In terms of the source of ideas; isn’t it just a case of anything being up for grabs when it comes to influences? A lot of the music I was listening to was also really important in terms of structure and the use of repetition along with the modulation and accumulation that goes with it.

Something big is changing in cinema culture. The collective experience of the cinema is moving toward home settings. Does it bother you that people are now watching movies — including yours — on tiny devices and laptop screens?
Unless a work is specifically made with a tiny screen in mind, it’s not an ideal way to see a film, but we can’t always enjoy the luxury of a big screen. Many people don’t have the privilege of time and/or money that grants access to an actual cinema. I personally prefer the big screen both for my work and for seeing films, but I’ve come to accept that streaming on tiny screens is the cinematic equivalent of the cheese toastie – not something you’d always want, but sometimes unavoidable and occasionally, very fulfilling. Blank Narcissus (Passion of the Swamp) was made with both the small and big screen in mind, especially since many of the films that informed this project were often viewed in the privacy of one’s home via Super 8 cartridges, 16mm reels or (later) VHS tape as well as the big screen.

Do you think that cinema is a legacy artform now? Is it off-the-boil or past its peak artistically? How can artists still make interesting work in the ninety-minute feature film format? There’s surely no way you could present this work you’ve made for Prototype in cinemas outside of the festival circuit. How did you feel about making experimental work on the internet, and what differed about doing things different this way for the Prototype commission? I remember, for example, you asking very early on about explicit language and imagery. Is online exhibition still untapped in its potential for doing things differently in what feels like a deeply homogenised cinema landscape?
I’m fairly hopeful that cinema still has plenty of mileage left in it. The majority of it is still narratively anchored and the directors who veered away from that (Peter Greenaway being an obvious example) have been in distribution exile to some degree. Purely based on my personal experience, I see an unprecedented number of films being made during this streaming golden age, but I’ve also noticed more resistance to original material. What financiers want from me is either full-on genre or IP, as they keep calling it when it comes to adaptations or remakes. I’m often asked about adapting a book, but almost never asked for something original or non-genre. Maybe that’s just my problem and most likely because my films don’t make anyone any money.

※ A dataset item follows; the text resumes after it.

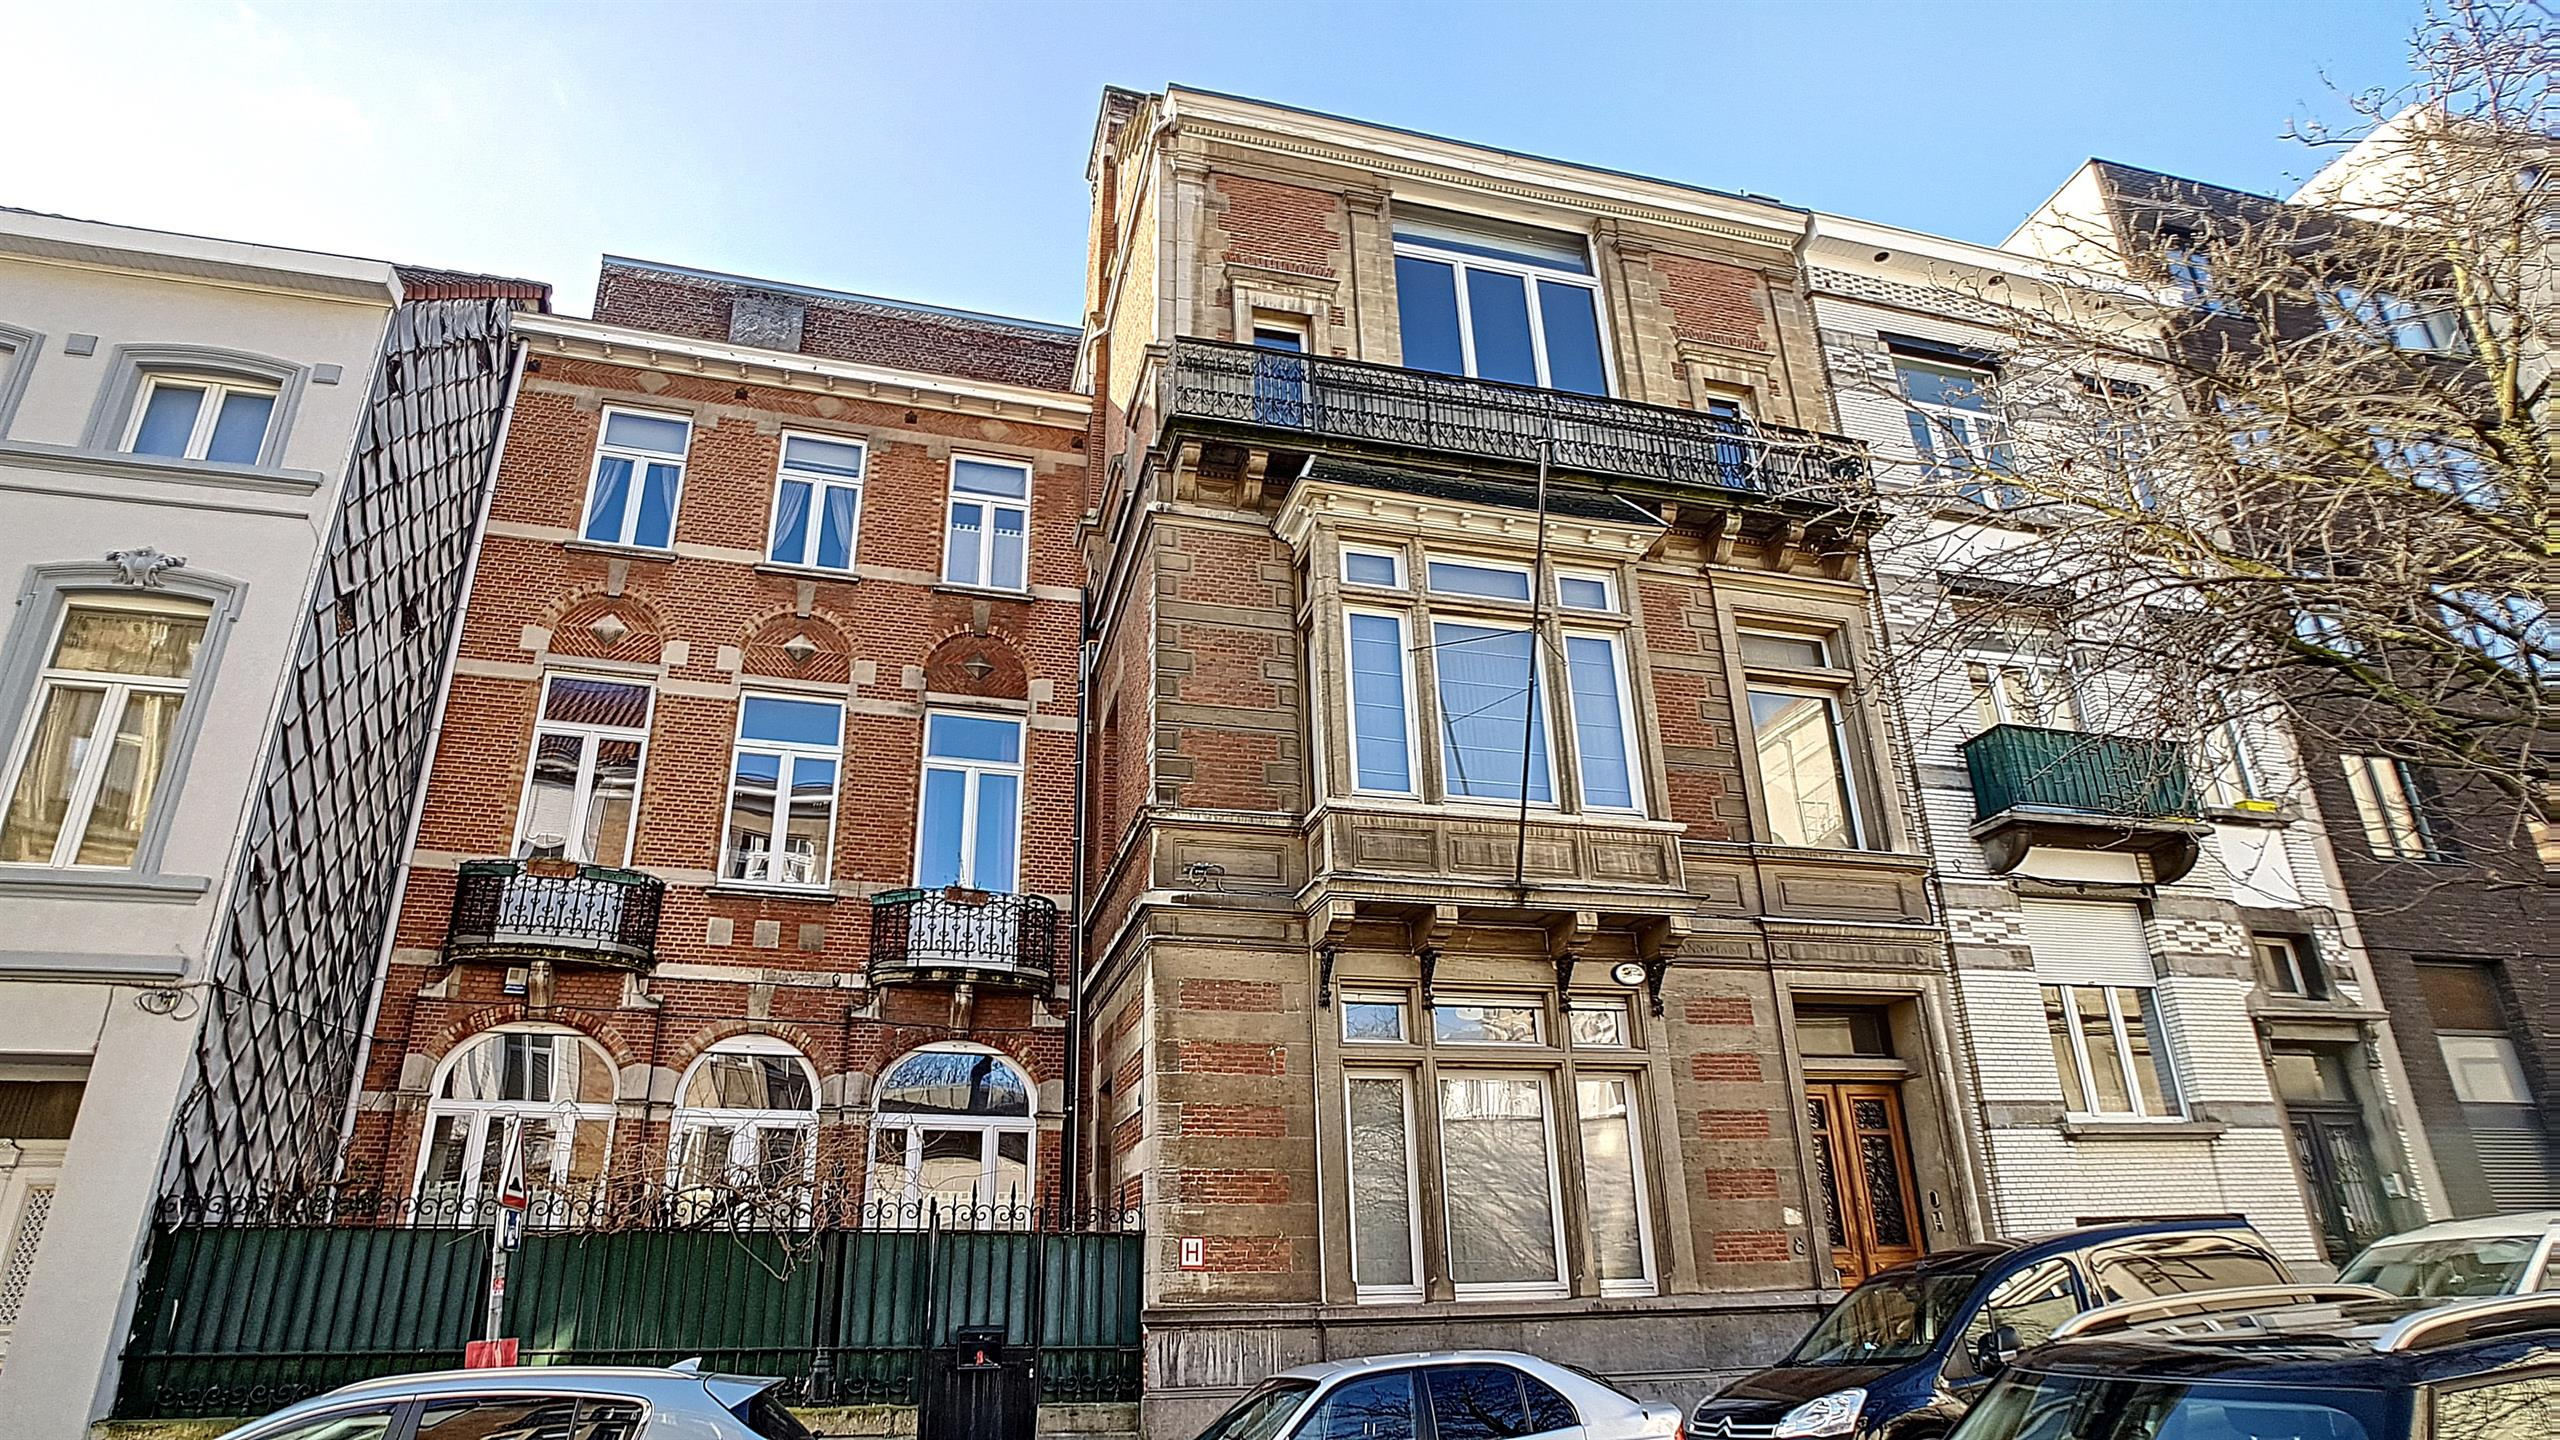 Maison de maitre - Schaerbeek - #4318566-1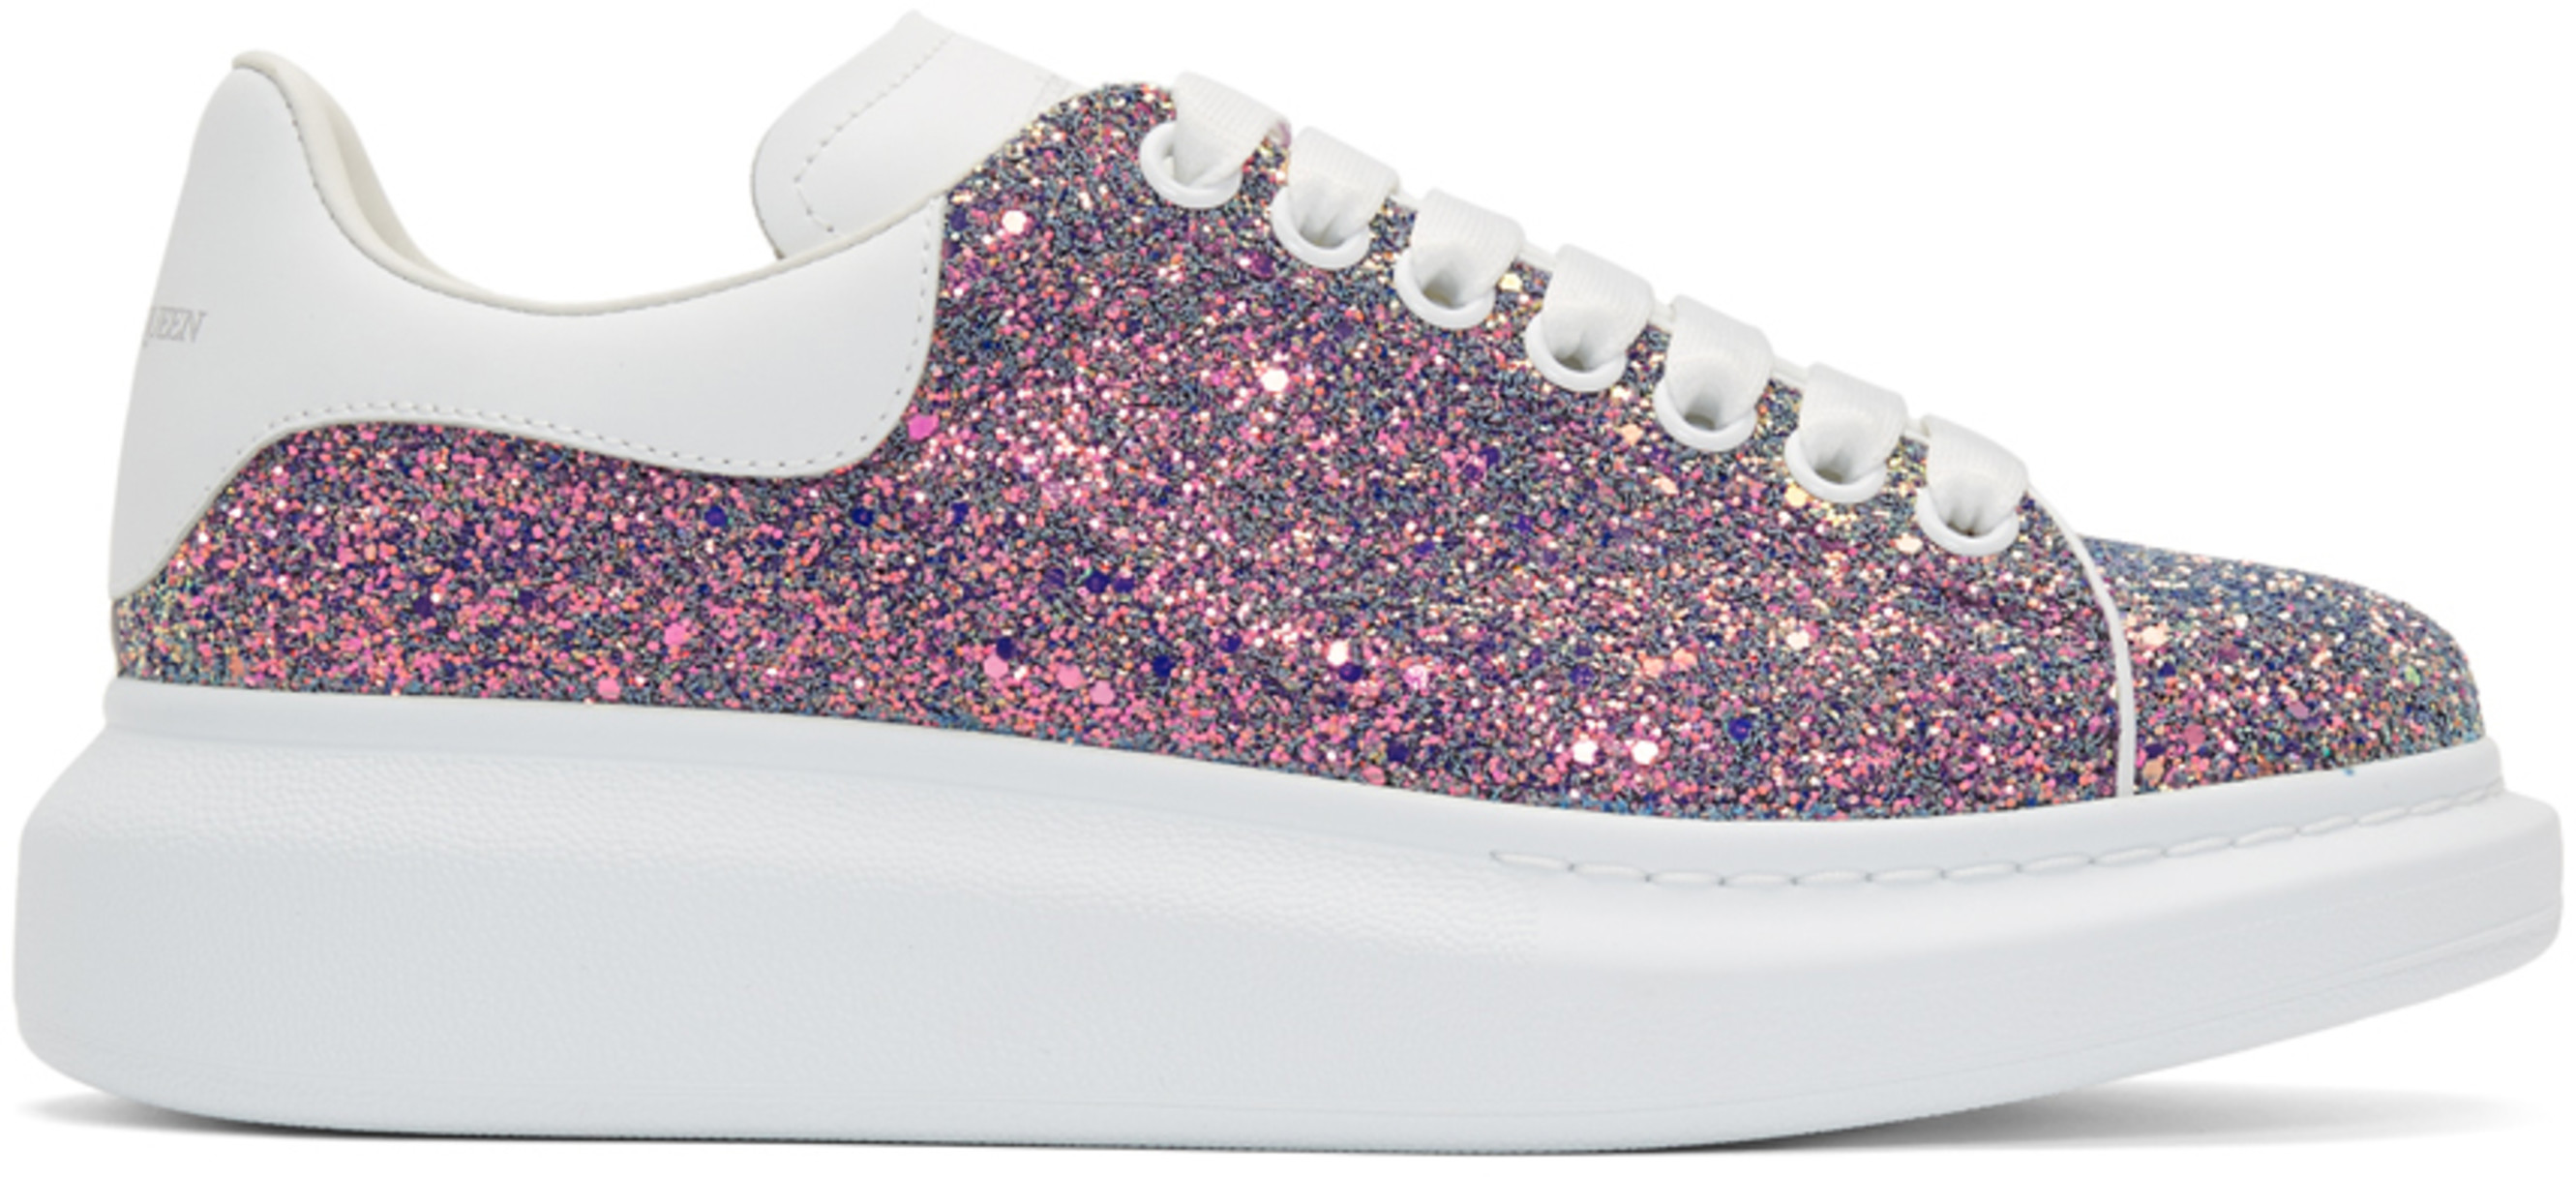 Multicolor Shell Glitter Oversized Sneakers

As you rightly pointed out, it’s unlikely that I could get away with what was made for Prototype in the arena of regular cinema. Prototype is firmly on the art side and within that context, both commissioners and audiences tend to be more intrepid.There’s a resurgence of interest in Carolee Schneemann’s work and for me, she was at that intersection between art and film exploring the body and sexuality without compromise.

For me, it was very liberating to work with Prototype, as one can explore things that would face too many hurdles elsewhere. The on-screen representation of desire is usually censured and censored far more severely than violence, which baffles me. Maybe my occasional urge to confront an audience with explicit imagery is partly a means of exposing double standards when it comes to shock value. That’s a long way of saying that Prototype allowed me to go further than I could with a feature film and explore something that is private and intimate. Time was limited and the work has its flaws, but it’s always the case no matter how small or big the budget is. Ultimately, I stand by the film we made as much as anything else I’ve been responsible for. It was also great to have complete freedom. To have a commissioner offering that level of trust is a great privilege, so the experience for me was a very happy one indeed.